Inoltre, va rivista la Legge 199/2016 contro il caporalato. Cia suggerisce di semplificare le procedure, con uno sportello digitale agricolo, che concentri in un’unica piattaforma, l’iscrizione alla Rete del lavoro agricolo di qualità (da incentivare, a oggi troppi gli obblighi richiesti), le comunicazioni obbligatorie e la verifica dei requisiti.

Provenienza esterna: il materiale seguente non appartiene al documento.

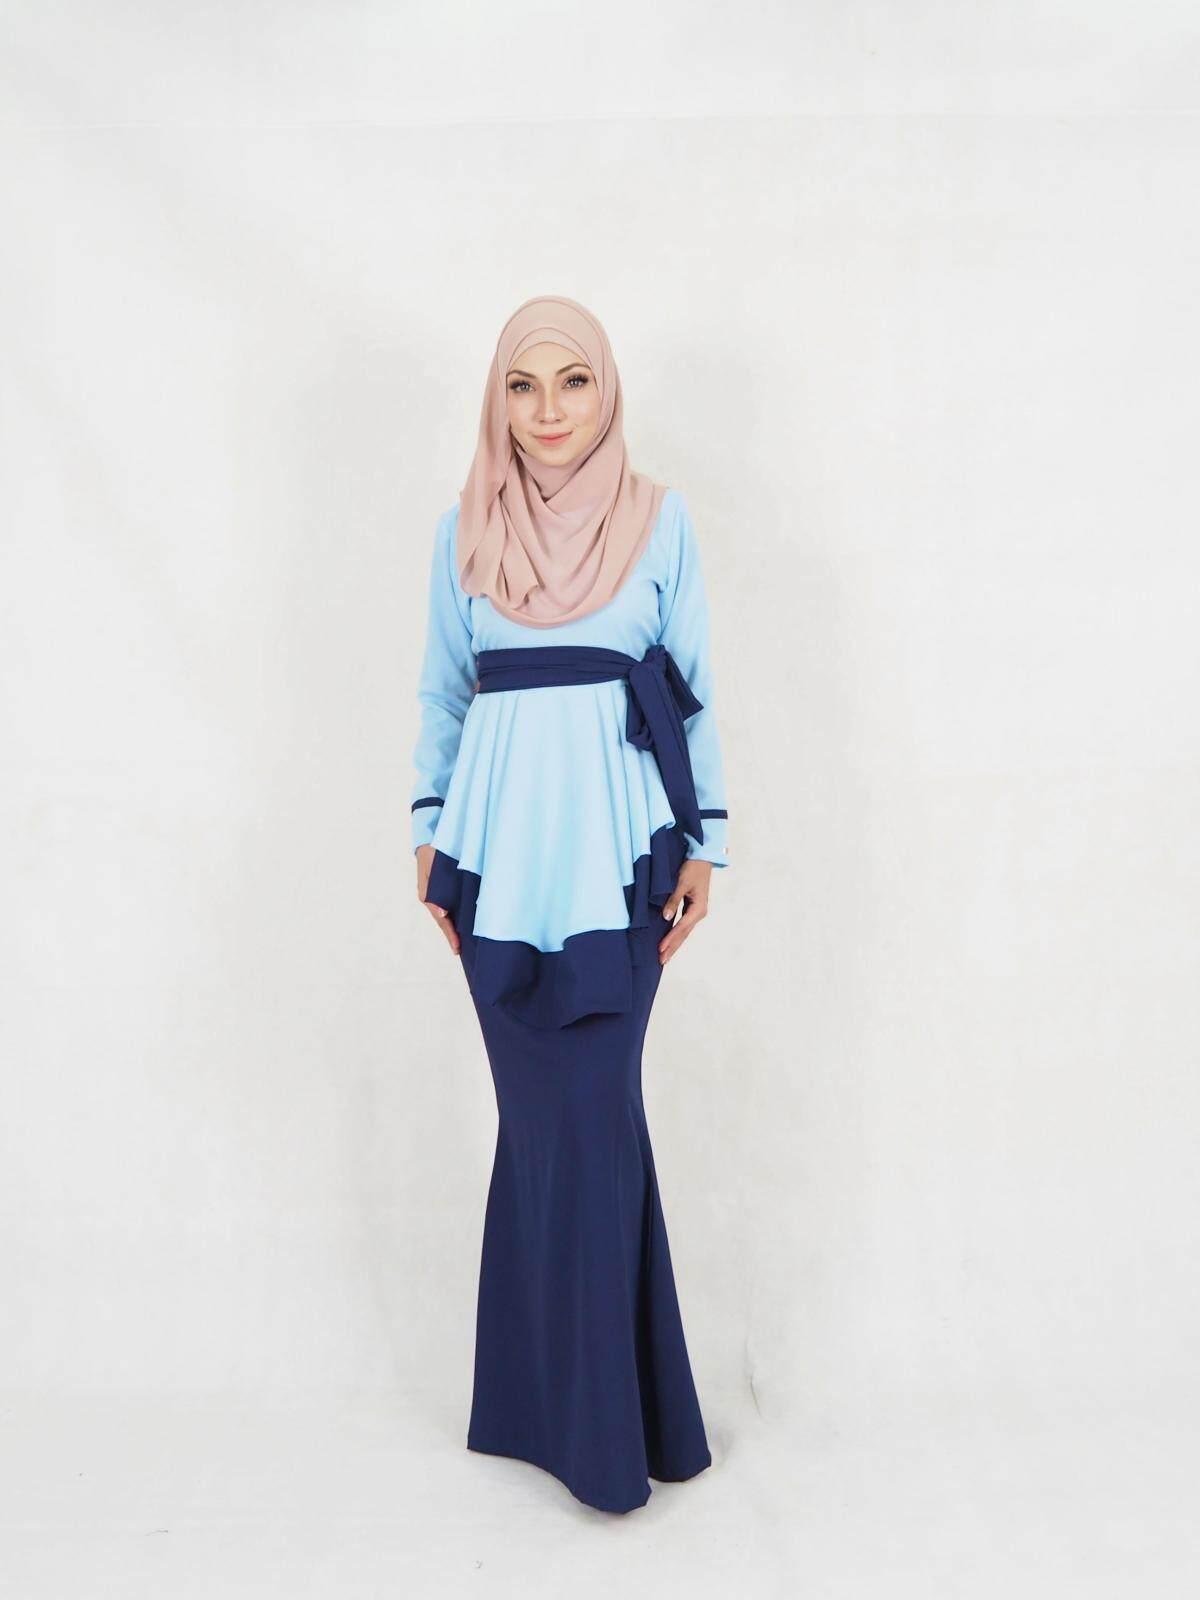 Faria Fara Ribbon Baju Kurung (Plus Size) (Breastfeed) / Muslim Women Fari Fara Baju Kurung / Muslimah Fashion Modern Ribbon Baju Kurung Breastfed (XXL-5XL)

“Questi sono passaggi chiave su cui si può intervenire. Vanno superati e risolti una volta per tutte” ha ribadito il presidente nazionale di Cia, Fini, richiamando anche altri problemi storici del settore, come il mancato riconoscimento del valore lungo la filiera, e le criticità più recenti e complesse scaturite dal conflitto in Medio Oriente, in primis l’aumento dei costi di produzione, con il caro gasolio e fertilizzanti. In particolare, gli azotati, come l’urea, in deciso aumento sui mercati internazionali, per effetto sia dei rialzi di energia e gas, che delle criticità negli approvvigionamenti tramite Hormuz.

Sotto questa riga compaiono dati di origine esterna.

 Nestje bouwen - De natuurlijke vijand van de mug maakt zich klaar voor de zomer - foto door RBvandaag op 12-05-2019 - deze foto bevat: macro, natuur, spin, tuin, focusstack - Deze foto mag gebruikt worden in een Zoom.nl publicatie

“Con l’intensificarsi delle attività nei campi e, quindi, una maggiore richiesta di input energetici, servono sforzi aggiuntivi quantomeno fino a tutto maggio -ha concluso-. Chiediamo alle istituzioni nazionali di mantenere alta l’attenzione sulle esigenze dei produttori ortofrutticoli, così come già dimostrato con il credito di imposta del 20% sull’acquisto di gasolio agricolo, da Cia sollecitato sin dal Dl Bollette. Dall’Europa, invece, occorre la sospensione del patto di stabilità e l’esclusione del settore primario dal razionamento anticrisi. La sicurezza alimentare va garantita in senso assoluto, deve essere alla base della politica Ue”.